Selecting meaningful test data

There are several possibilities to select a meaningful subset from the test data. If the test data has an inherent structure, that structure can be leveraged to select subsets. The training data set for a machine learning image classifier, for example, will likely require test data for each image class it is supposed to recognize. Another approach is to run some statistics on the full data set and determine a representative subset. However, if you are unlucky you might miss that one specific corner case hidden in the data set. The following sections present an approach that uses code coverage metrics to determine a representative test data subset. The general idea is to generate one test case per data point, determine the code coverage produced by each test case, and find a smaller set of data points that results in the same amount of coverage. We will use pytest and coverage to achieve this goal.

Generating test cases with pytest

Let's assume we implemented a function that tests if a given integer is prime. I came up with an implementation that handles a bunch of special cases. The function first checks that the prime candidate is smaller than, equal to, or divisible by two and immediately identifies the number as prime or rejects it for each respective case. The function then tests for divisibility for all odd integers up to and including the square root of the number. If our potential prime is divisible by any of those, we can say for sure it is not prime. Otherwise, all checks have passed and the number is prime:

from math import sqrt

def is_prime(number: int) -> bool:
    if number < 2:
        return False
    if number == 2:
        return True
    if number % 2 == 0:
        return False
    last_possible_divisor = int(sqrt(number))
    for possible_divisor in range(3, last_possible_divisor + 1, 2):
        _, rest = divmod(number, possible_divisor)
        if rest == 0:
            return False
    return True

The function contains a number of if-else clauses. We want to test it thoroughly to make sure it works correctly. For that purpose, we got our hands on a data set which states whether a number is prime for all integers between 0 and 99. The individual files are named prime-xx.txt, where xx is a two digit integer with leading zeroes. Each file consists of two lines, the first line states the number and the second line is either True if the number is prime or False otherwise:


An straight-forward way to assert the correctness of our code is to write a single test case that checks the implementation against the full test set:

def test_is_prime_returns_correct_result(prime_files: Iterable[Path]):
    for prime_file in prime_files:
        lines = prime_file.read_text()
        number = lines[0].strip()
        expected_prime = lines[1].strip() == "True"
        assert is_prime(number) == expected_prime

This approach is not suitable for us, though, because the coverage produced by all files will be aggregated in a single test case. There is no way to determine which test file covers which lines. We can easily address the issue, though, by writing a small Pytest plugin that generates test cases from the test files. For this purpose, we create a file and implement the pytest_collect_file (opens new window) hook. The hook function is invoked for every file discovered in the test collection phase which is one of the first actions performed by Pytest. When Pytest is called without any arguments it starts in the current working directory and descends down into subdirectories. It will find our test files and invoke pytest_collect_file for each of them.

import py
import pytest

from prime import is_prime

def pytest_collect_file(parent, path: py.path.local):
    if path.basename.startswith("prime") and path.ext == ".txt":
        return PrimeTxtFile.from_parent(parent, fspath=path)

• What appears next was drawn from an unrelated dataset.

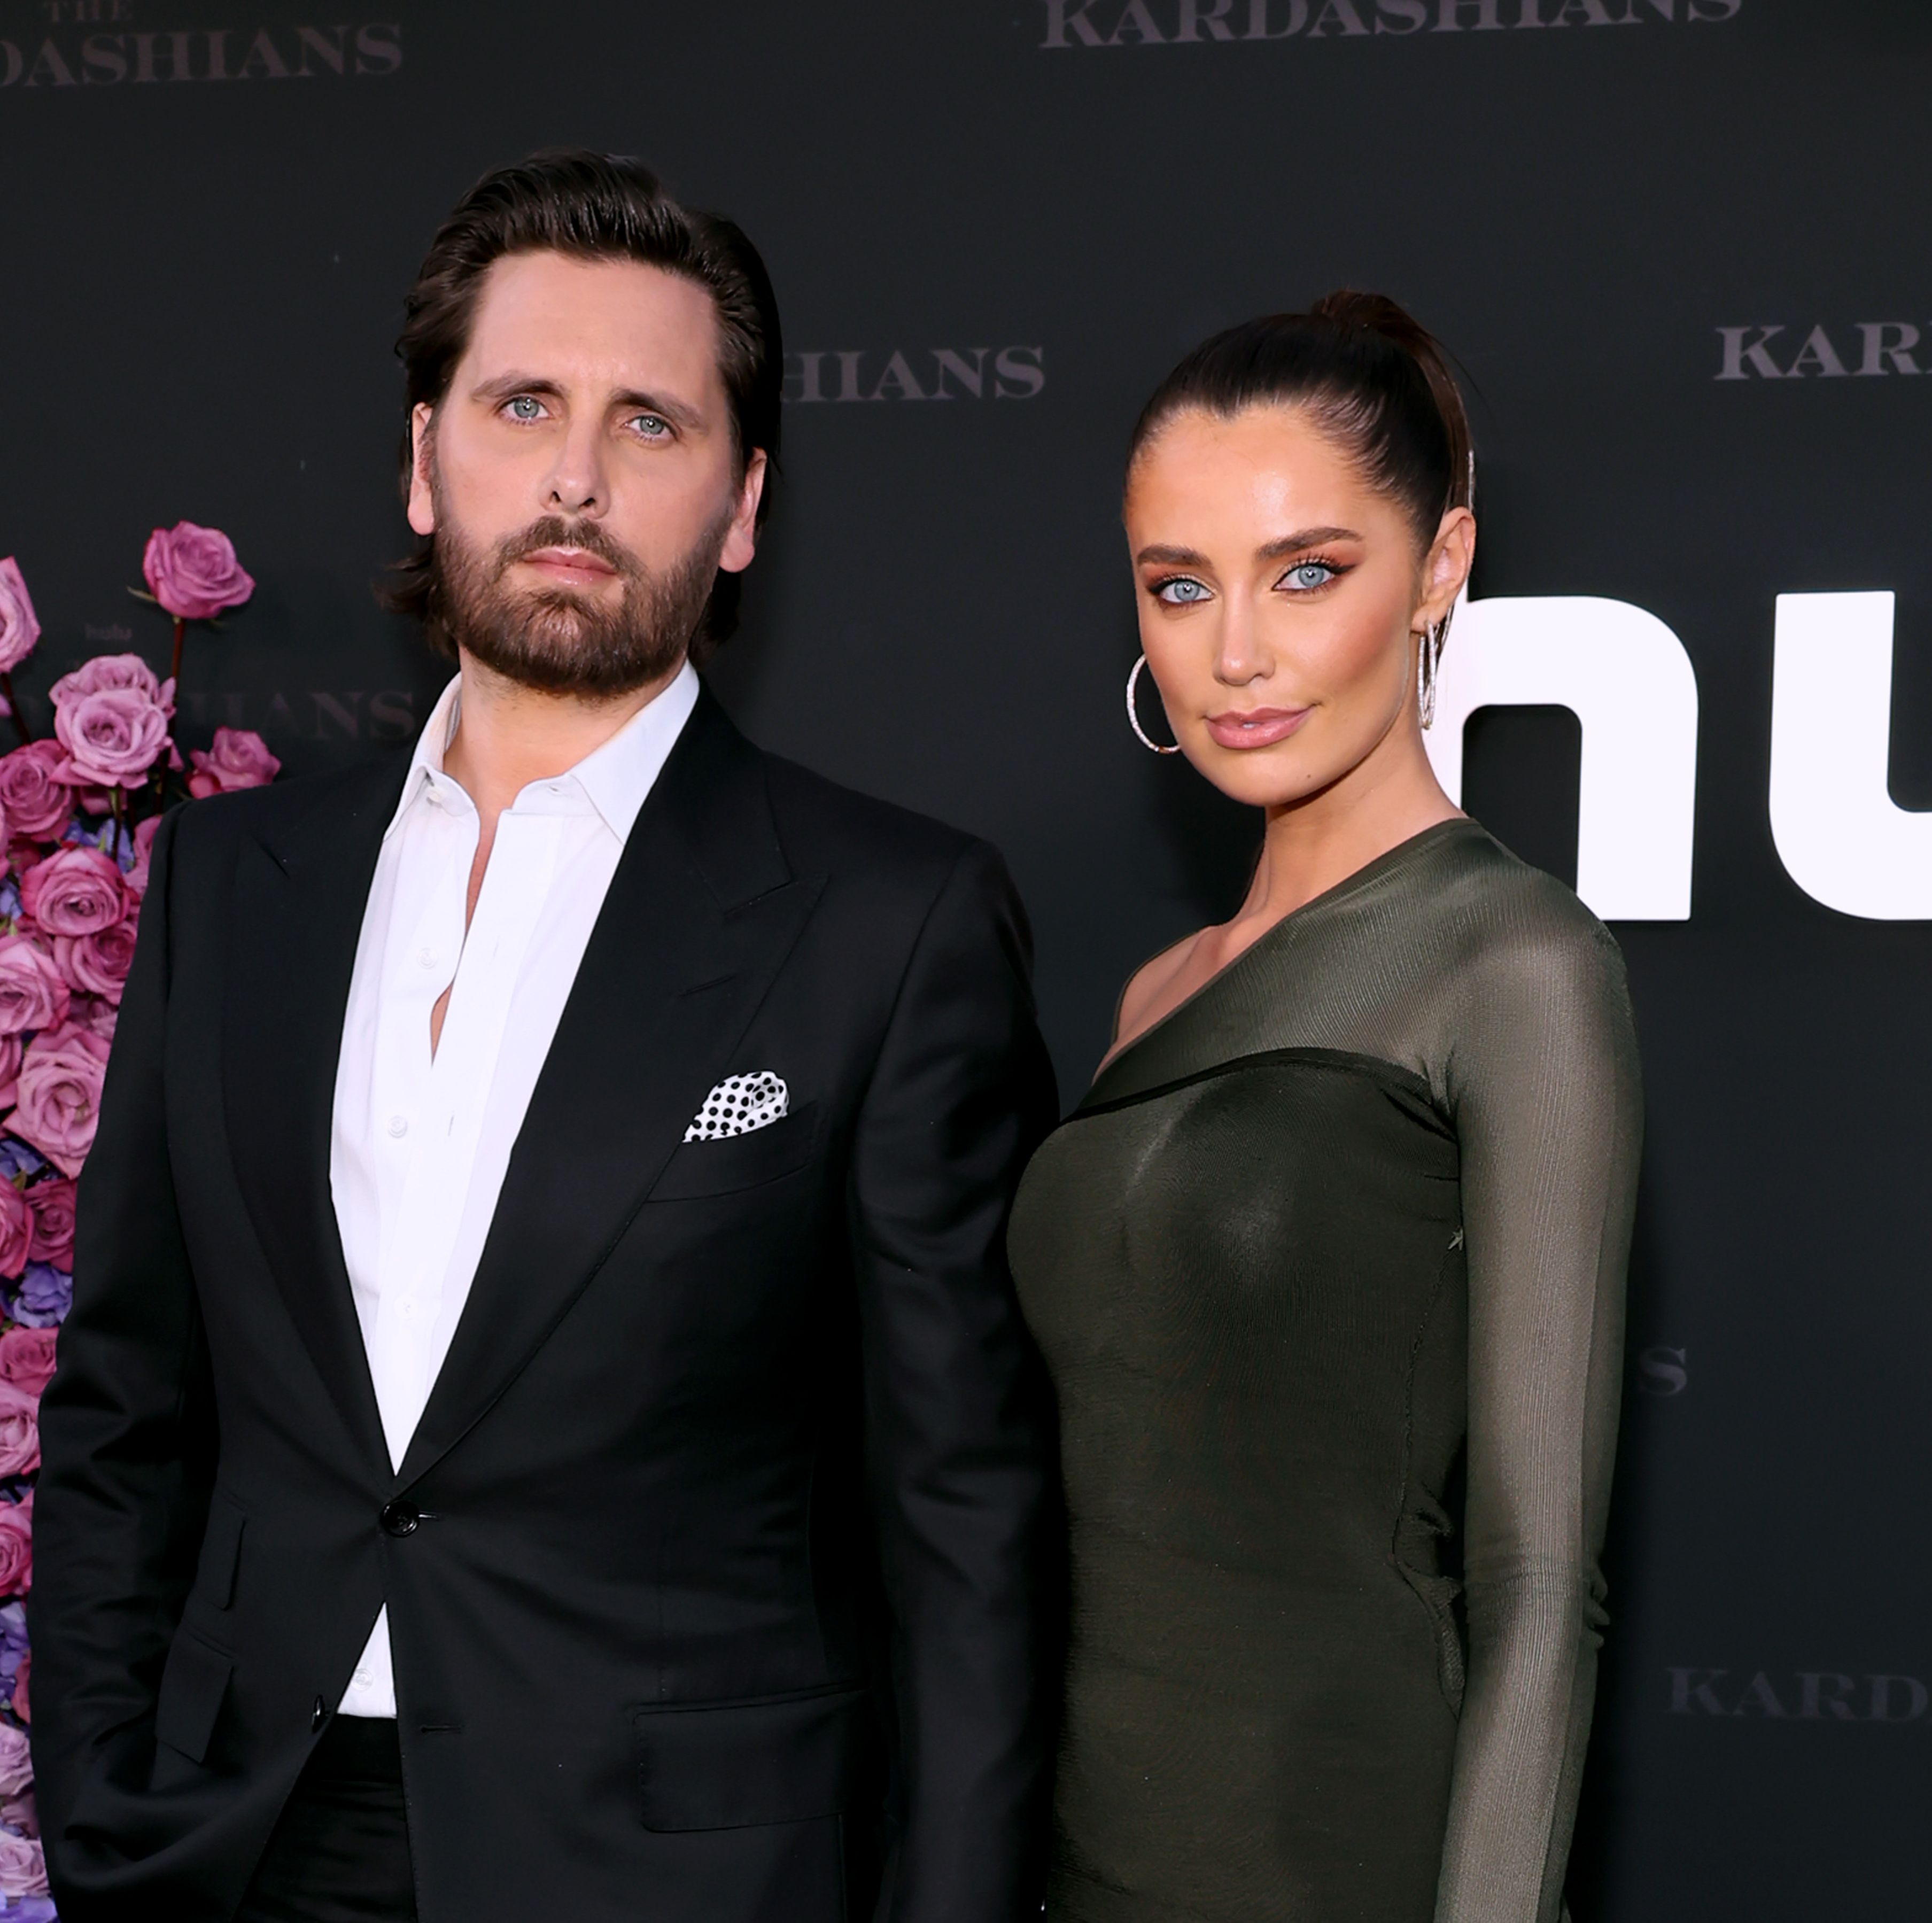 Scott Disick Brings Brand New Girlfriend to 'Kardashians' Premiere While Kravis Hit the Carpet

class PrimeTxtFile(pytest.File):
    def collect(self):
        lines = self.fspath.read_text("utf-8").splitlines()
        number = int(lines[0].strip())
        is_prime = lines[1].strip() == "True"
        yield PrimeTest.from_parent(self, name=f"is_prime({number})", number=number, expected_result=is_prime)

class PrimeTest(pytest.Item):
    def __init__(self, name, parent, number, expected_result):
        super().__init__(name, parent)
        self.number = number
        self.expected_result = expected_result

    def runtest(self):
        prime = is_prime(self.number)

        assert prime == self.expected_result

The hook implementation identifies our test files based on file name. If a test file is found, it delegates the work to the PrimeTxtFile collector. A collector represents a means of grouping test cases. The pytest_collect_file hook has to choose a single collector per file, but Pytest collectors can delegate work to sub-collectors, thus forming a hierarchy. That means, our test data could just as easily be read from a compressed archive or from a directory structure. It is usually a good idea to put file-format specific parsing logic into the collector.

The parsed data is eventually passed to our test case implementation PrimeTest, which inherits from pytest.Item. A test item represents an actual test case that can succeed or fail. Pytest should now create individual test cases for our test data set:

$ pytest -q
....................................................................................................                                                                                                                                                                   [100%]
100 passed in 0.12s

Note that Pytest now identifies 100 test cases as opposed to just a single one in our initial implementation.

Selecting a subset of tests based on coverage metrics

The tests finish very quickly in our contrived example, but this is not always the case. For the sake of this article, let's assume that test runtime is much longer than we can tolerate. We need to extract a representative subset from the test files. For this purpose, we will measure the code coverage produced by each test case and select a subset that produces the same amount of coverage as the full data set.

This can be achieved by leveraging's contexts (opens new window). A context is like a "namespace" for coverage data. Using contexts, we record the coverage data for each test separately. This allows us to isolate the effects of individual tests on code coverage. Contexts can be merged later to get a combined coverage report. Lucky for us, the pytest-cov plugin provides the --cov-context=test option (opens new window), which does exactly what we want:

$ pytest -q --cov=prime --cov-context=test
....................................................................................................                                                                                                                                                                   [100%]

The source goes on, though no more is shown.